Regex to capture unique numbers within a string

Question

Regex to capture unique numbers within a string

Asked 5 years, 7 months ago

Viewed 268 times

1

I’m trying to create a Regex that captures only unique numbers in the middle of other characters (as long as they follow the condition of not being followed by other numbers).

Examples:

"R3g3x": ["3","3"]
"J4v4scr1pt": ["4","4","1"]
"1nício": ["1"]
"Fina1": ["1"]
"Dup10": []

For now what I managed was to capture the numbers inside the words, but my Regex still does not restrict the sequence by another number.

It’s like this: \d+(?=\w)(?!\d)

Does anyone have any idea how I should proceed?

Just to make a point, your last example shouldn’t be: "Dup10": [0]?

– anonimo

2020/05/12 at 13:43

1 answer

Browser other questions tagged regex

You are not signed in. Login or sign up in order to post.

by hkotsubo • **55,826** points · Answer 1 · 2020-05-12T13:54:09+00:00

\d+ captures one or more digits (+ is a quantifier meaning "one or more occurrences"), so if the string is abc10xyz, he will capture the 10. If the idea is to capture only a single digit, remove the +.

Anyway, from what I understand you want a digit as long as you have no other digit before or after. So you can use Lookahead and lookbehind negative:

(?<!\d)\d(?!\d)

So it only takes single digits, which have no other digit before or after (i.e., the digit can also be at the beginning or end of the string). And if it has two or more digits in a row (as in the case of "Dup10"), it does not take any (if you use \d+, the "10" of "Dup10" will be captured).

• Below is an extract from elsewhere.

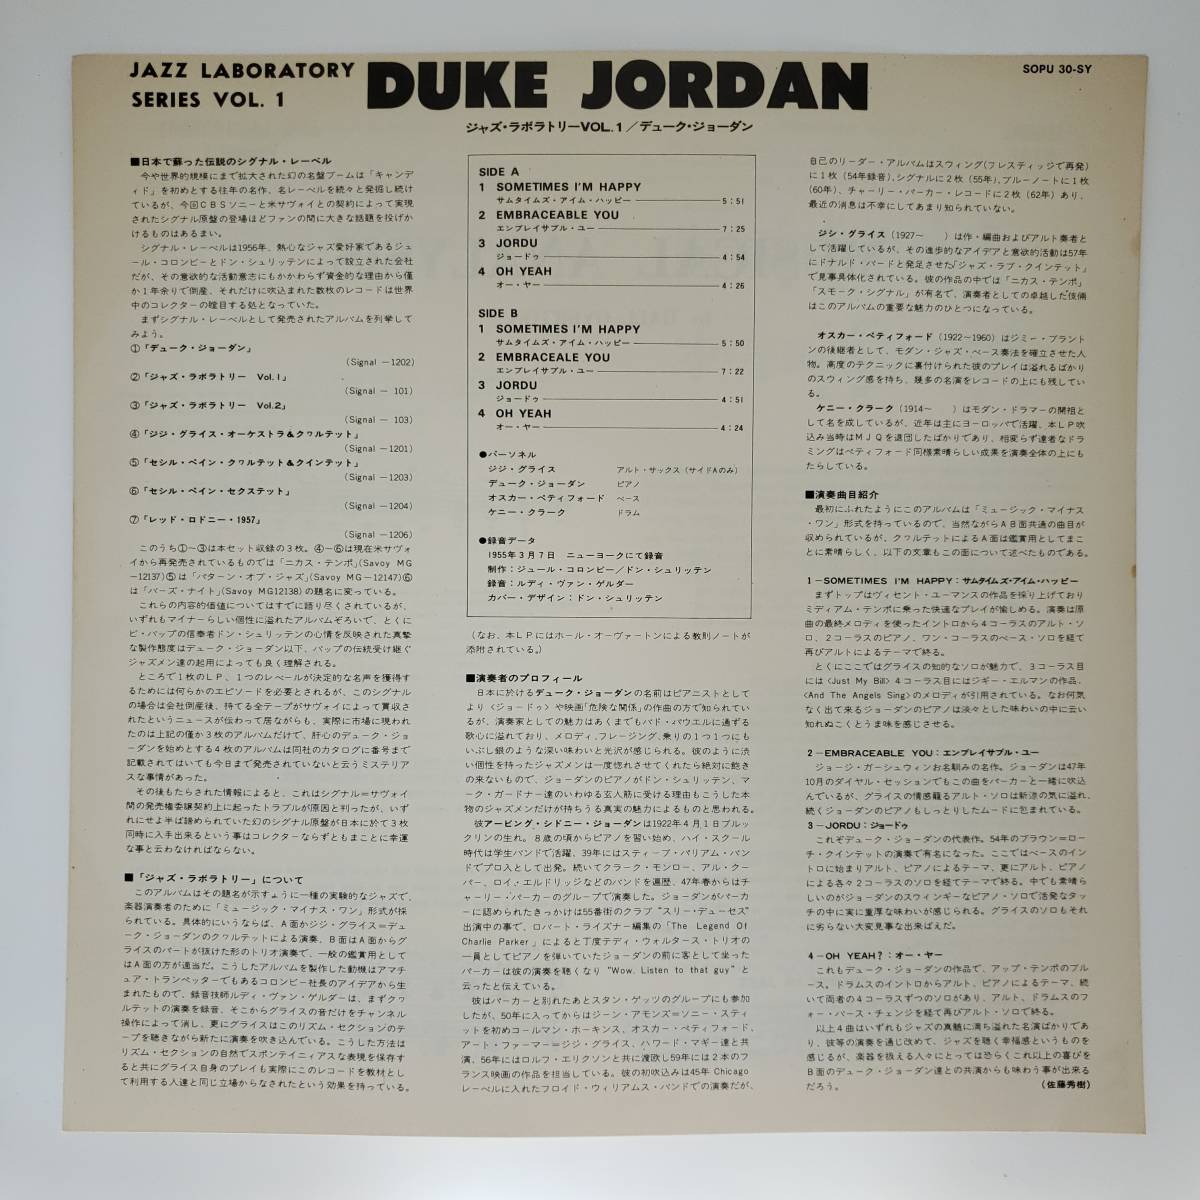 良盤屋◆LP◆Jazz;デューク・ジョーダン/ジャズ・ラボラトリー Vol.1 Duke Jordan/Jazz Laboratory Series Vol.1/1975 ◆Bop◆J-3202の画像4

When using the Lookahead (?=\w), regex is demanding that there be some character in front (letters, numbers or _), so it doesn’t work if the number is at the end of the string, or if the character that appears after is not equivalent to \w. But how I’m using Lookahead and lookbehind negative (i.e., checks whether something nay exists in front or behind), this also serves for digits at the beginning or at the end (because if the digit is at the beginning, then it does not have a digit before, and if it is at the end, it does not have a digit after).

See here the regex working.

If you just want the digits that don’t have another digit after, then just remove the lookbehind:

\d(?!\d)

But in this case, in "Dup10", the regex will match in the 0.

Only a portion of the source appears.